Another gene, STX1A, involved in how nerve cells release chemical signals, has shown a statistically significant association with migraine in meta-analyses. And the TRPA1 gene, which encodes a receptor on trigeminal nerve fibers, may explain why certain environmental irritants like strong perfumes or cigarette smoke can set off attacks in some people. No single gene causes migraine on its own. Instead, combinations of genetic variants make some brains more reactive to triggers that wouldn’t bother someone without that inherited vulnerability.
Common Triggers and Why They Matter
Triggers don’t cause migraine in the way a virus causes a cold. They’re more like the final push that tips an already-sensitive brain past its threshold. The most commonly reported triggers include:
- Stress. The most frequently cited trigger. Interestingly, many people report attacks not during peak stress but during the letdown period afterward, such as the first day of a vacation or a weekend after a demanding work week.
- Hormonal changes. The drop in estrogen that occurs just before menstruation is a well-established trigger. Estrogen modulates pain processing in the trigeminal system, so when levels fall, the pain network loses a protective buffer.

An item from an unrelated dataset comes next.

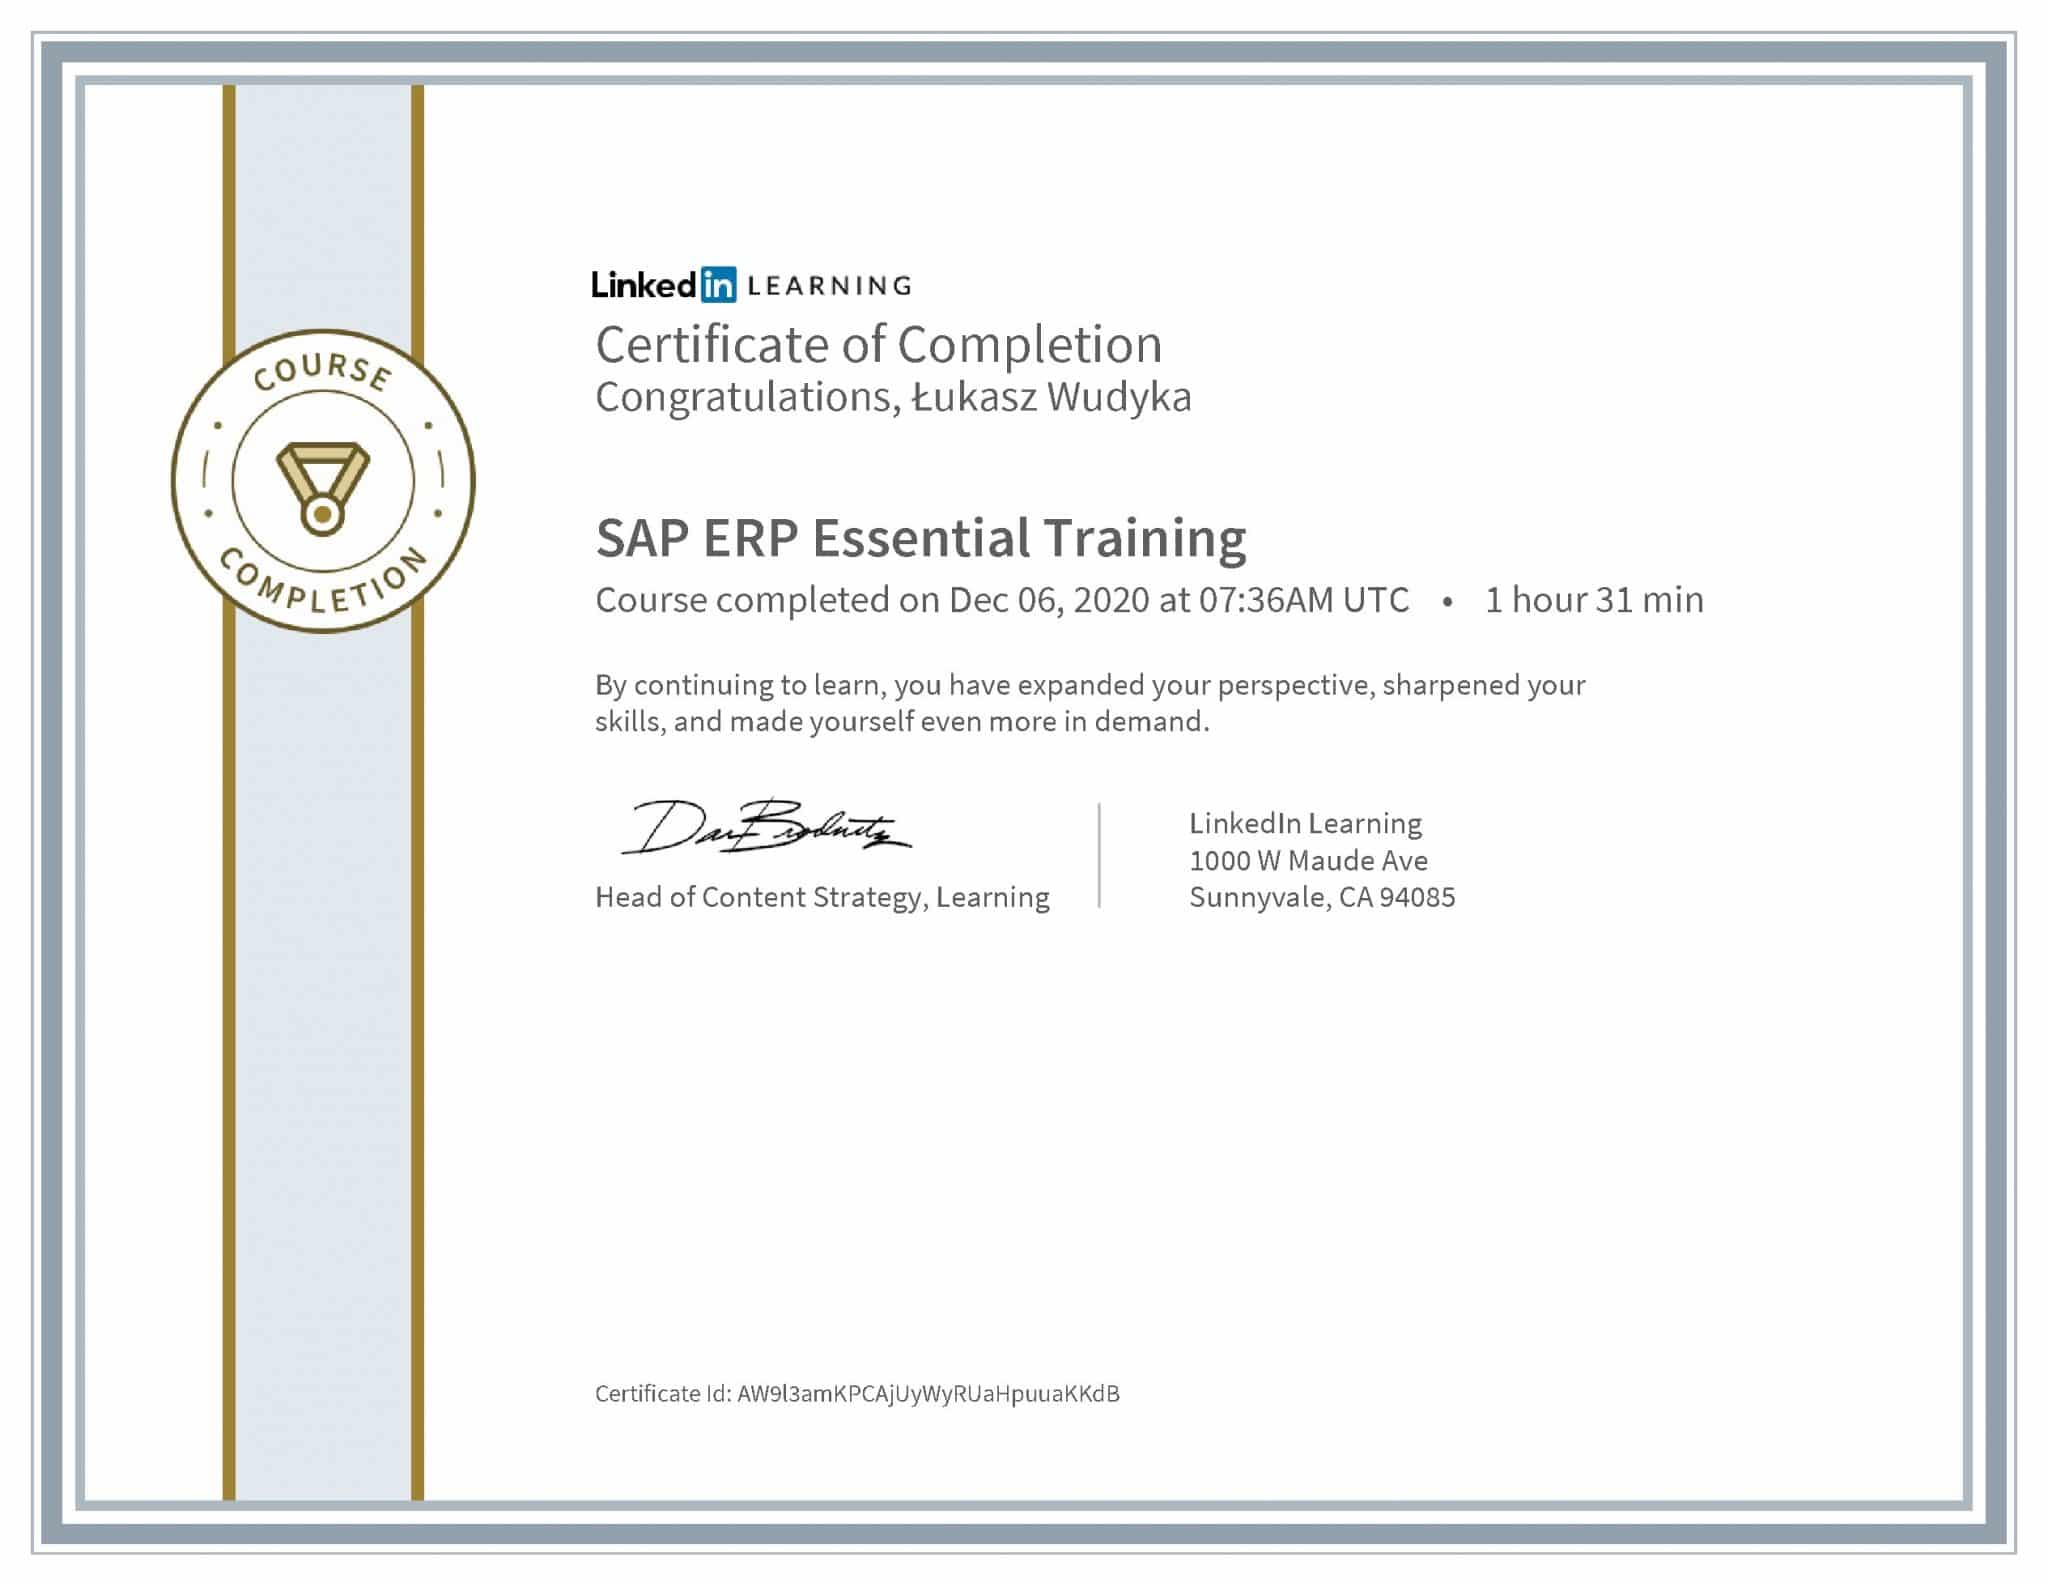 Łukasz Wudyka certyfikat LinkedIn SAP ERP Essential Training

- Sleep disruption. Both too little sleep and oversleeping can provoke attacks, likely through the hypothalamic and circadian mechanisms described above.
- Diet. Fermented or pickled foods, aged cheeses, processed meats, and certain preservatives are reported triggers. Skipping meals can also provoke attacks, possibly through blood sugar shifts.

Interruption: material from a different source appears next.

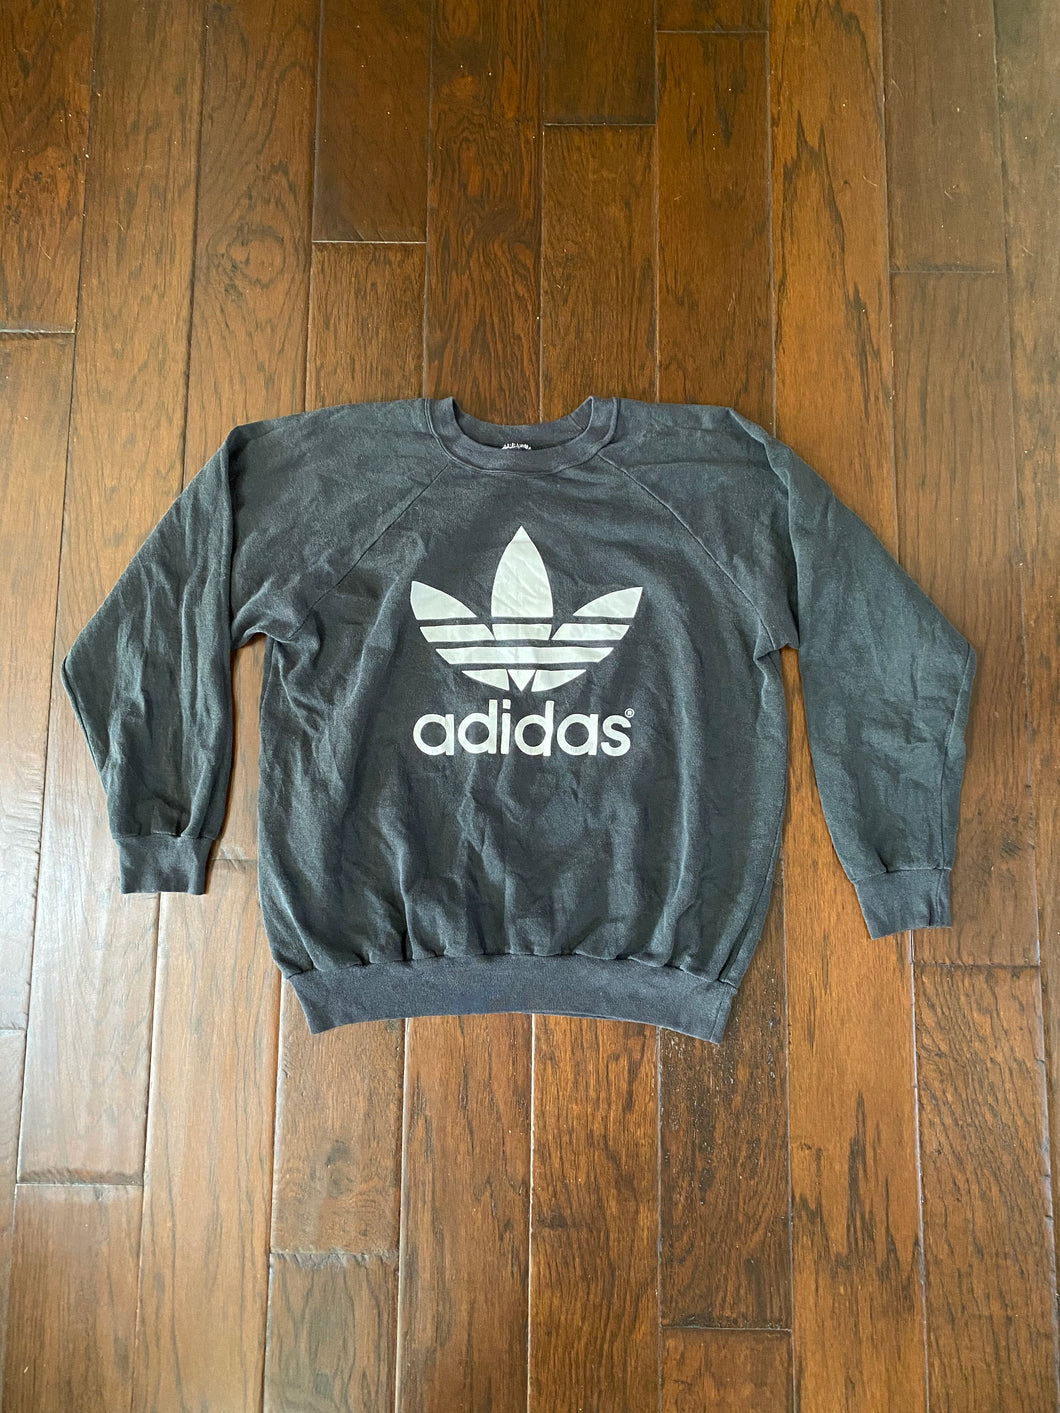 Vintage Adidas 1990’s Distressed Sweatshirt

- Sensory overload. Bright or flickering lights, loud sounds, and strong odors can trigger attacks and worsen symptoms once an attack has started.
Not every person with migraine has the same triggers, and a given trigger won’t necessarily cause an attack every time. Whether a trigger pushes someone into an attack often depends on how many other factors are stacking up at the same time: how well they slept, where they are in their hormonal cycle, how much stress they’re carrying, and how recently they last had an attack.
Why the Old “Blood Vessel” Theory Fell Apart
For most of the 20th century, migraine was considered a vascular disorder. The logic seemed straightforward: ergotamine, a drug that constricts blood vessels, relieved migraine pain, and other vasoconstrictors like noradrenaline also helped abort attacks. But this theory couldn’t explain why some potent vasodilators don’t trigger migraines at all, or why neurological symptoms like aura, brain fog, and mood changes occur long before any headache begins.
The decisive evidence came from imaging studies showing that people in the middle of a spontaneous migraine attack had no significant changes in blood vessel diameter. The field has since shifted to a neurovascular model, which recognizes that while blood vessels play a role, they’re responding to signals from a dysfunctional nervous system rather than driving the process. The brain’s pain networks, its internal clock, its chemical signaling, and its genetic wiring are the primary players. Blood vessel changes, when they occur, are a downstream consequence rather than the root cause.